Detection of spiking motifs of arbitrary length in neural activity using bounded synaptic delays

TL;DR

This paper introduces a novel neural network method for detecting arbitrary-length spiking motifs using bounded synaptic delays, improving recognition robustness in noisy, overlapping scenarios, with applications to neural coding and information retrieval.

Contribution

The authors propose a new approach for motif detection in spiking neural networks that overcomes bounded delay limitations by using sequential sub-motif detection with output neurons.

Findings

Achieves about 60% correct detection rate with ten simultaneous motifs.

Up to 80% detection accuracy with five motifs.

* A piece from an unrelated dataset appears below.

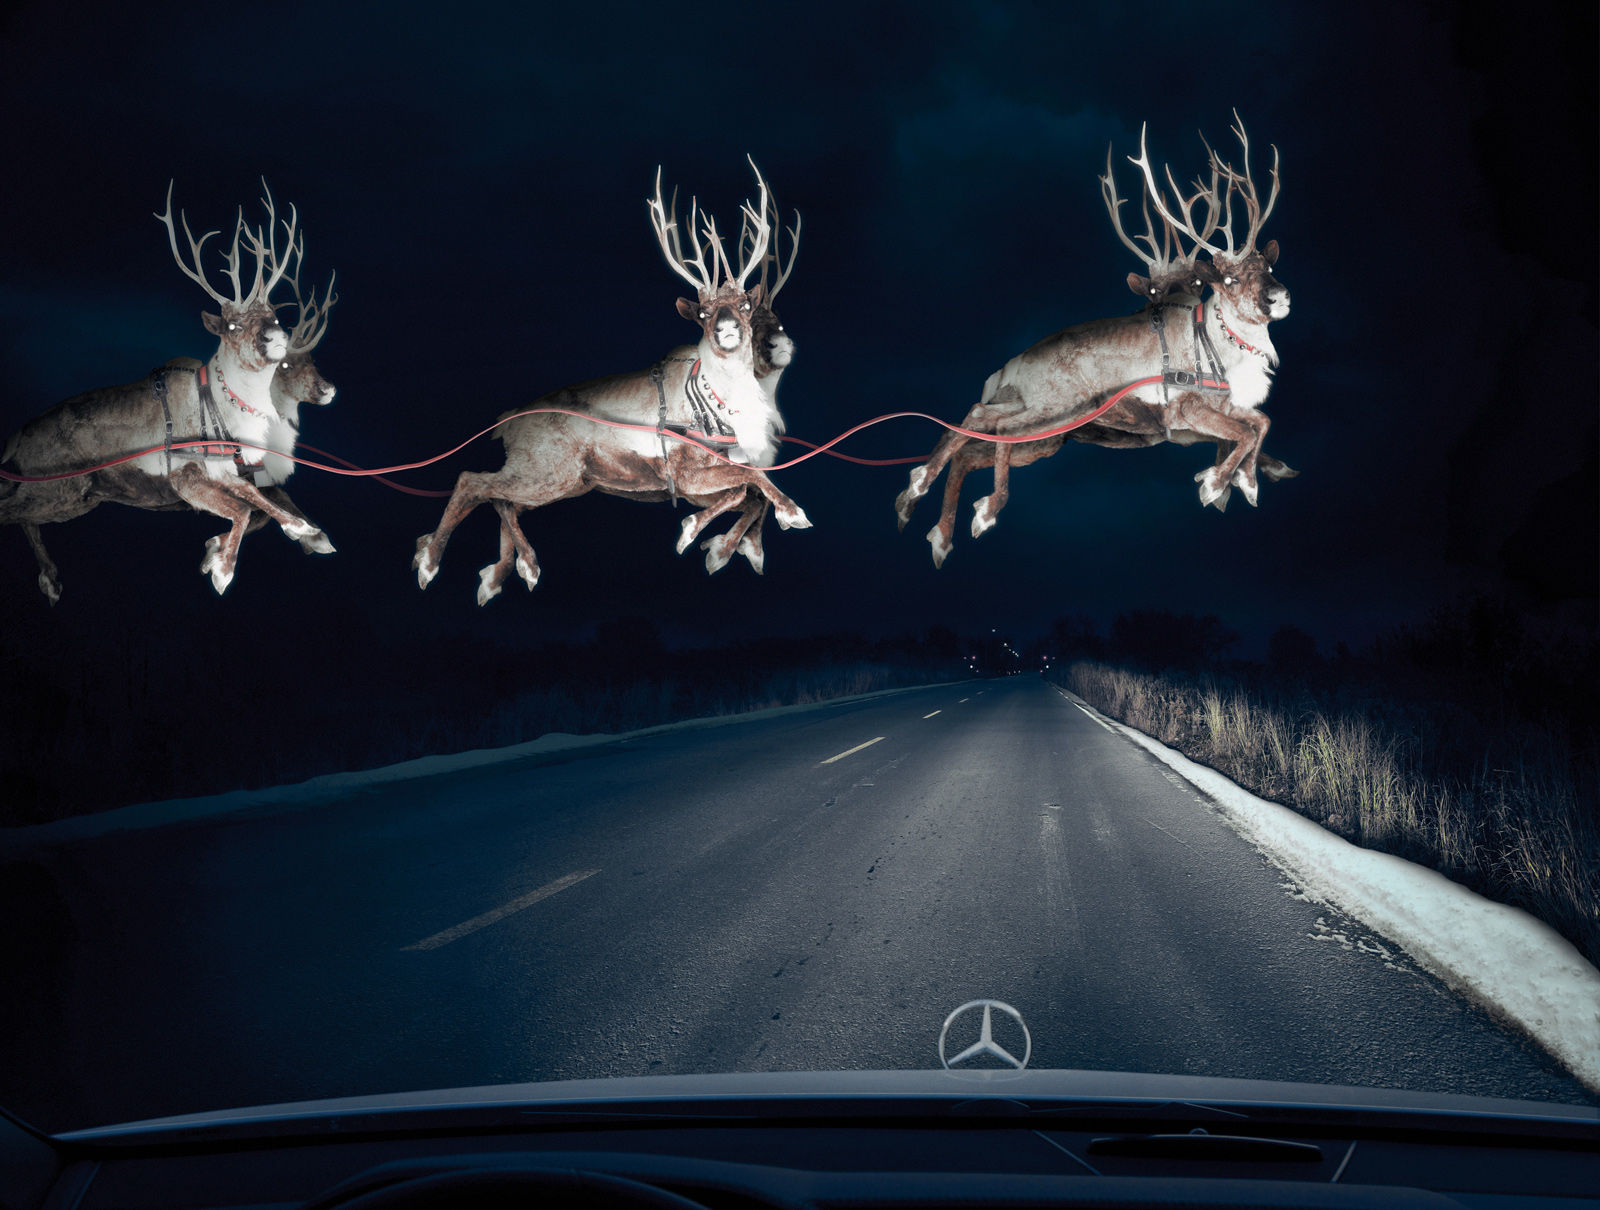 mercedes_reindeer_in_headlights-1.jpeg
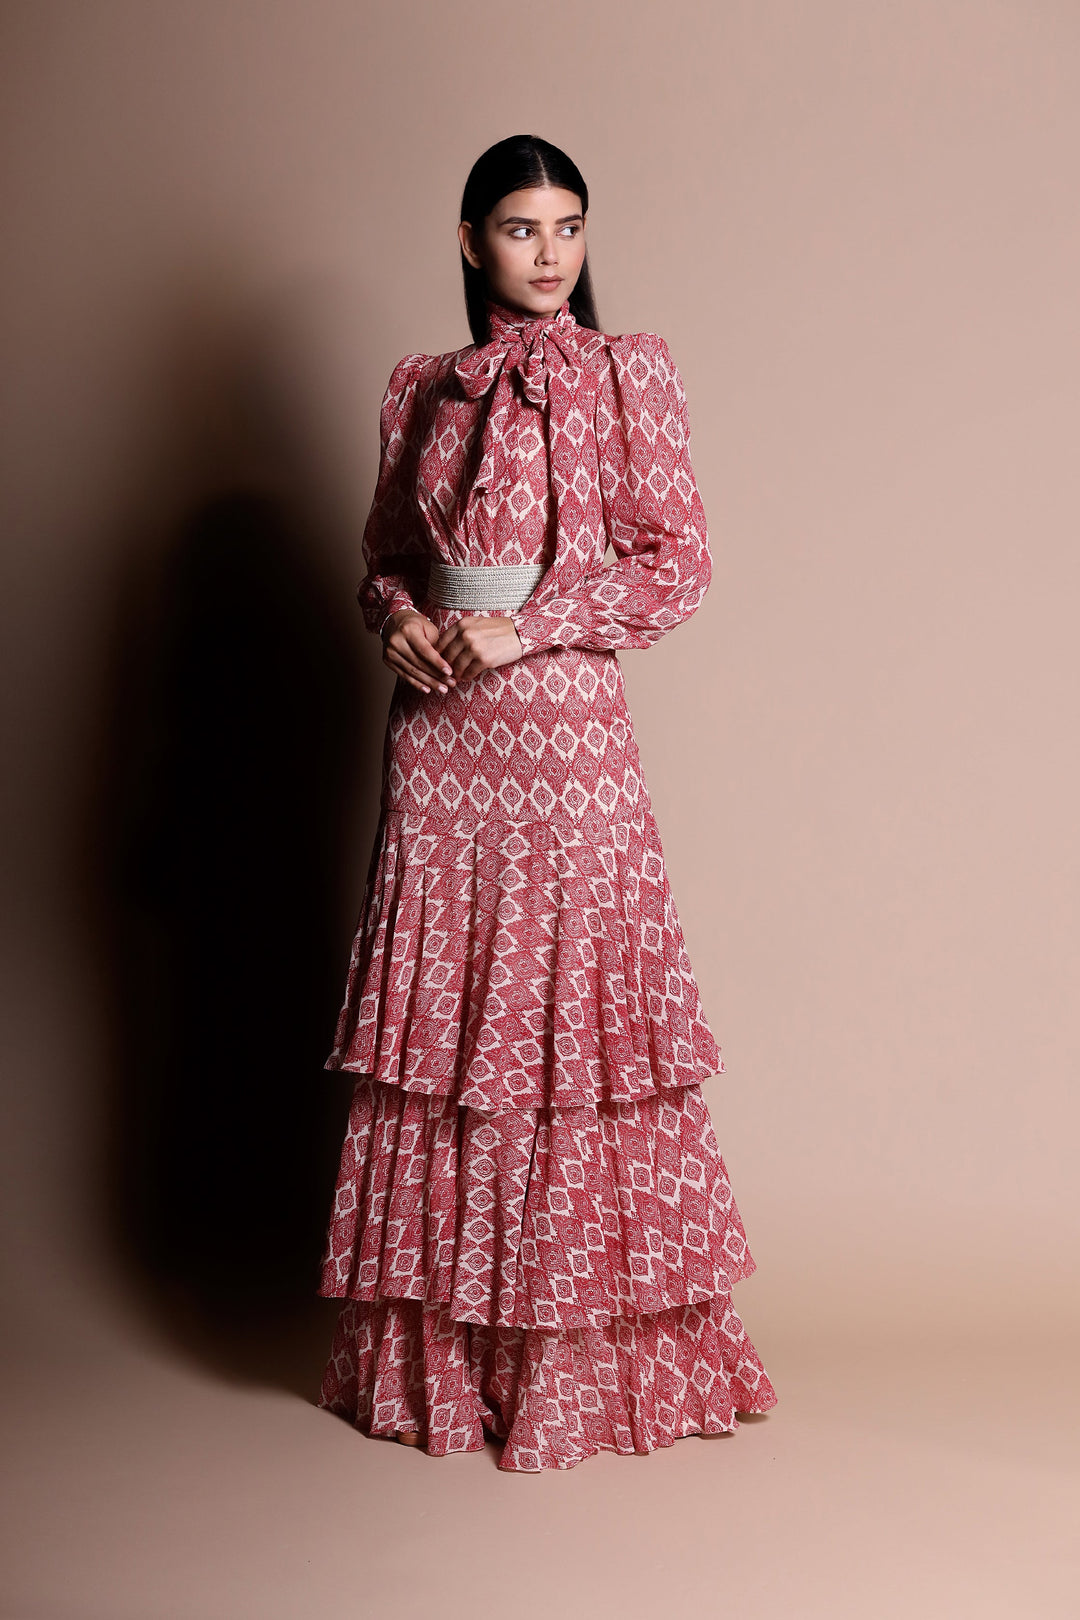 A Printed Layered Dress With A Pearl Embellished Belt - BHUMIKA SHARMA

Effective recognition in noisy and overlapping motif scenarios.

Abstract

In the context of spiking neural networks, temporal coding of signals is increasingly preferred over the rate coding hypothesis due to its advantages in processing speed and energy efficiency. In temporal coding, synaptic delays are crucial for processing signals with precise spike timings, known as spiking motifs. Synaptic delays are however bounded in the brain and can thus be shorter than the duration of a motif. This prevents the use of motif recognition methods that consist of setting heterogeneous delays to synchronize the input spikes on a single output neuron acting as a coincidence detector. To address this issue, we developed a method to detect motifs of arbitrary length using a sequence of output neurons connected to input neurons by bounded synaptic delays. Each output neuron is associated with a sub-motif of bounded duration. A motif is recognized if all sub-motifs are sequentially detected by the output neurons. We simulated this network using leaky integrate-and-fire neurons and tested it on the Spiking Heidelberg Digits (SHD) database, that is, on audio data converted to spikes via a cochlear model, as well as on random simultaneous motifs. The results demonstrate that the network can effectively recognize motifs of arbitrary length extracted from the SHD database. Our method features a correct detection rate of about 60% in presence of ten simultaneous motifs from the SHD dataset and up to 80% for five motifs, showing the robustness of the network to noise. Results on random overlapping patterns show that the recognition of a single motif overlapping with other motifs is most effective for a large number of input neurons and sparser motifs. Our method provides a foundation for more general models for the storage and retrieval of neural information of arbitrary temporal lengths.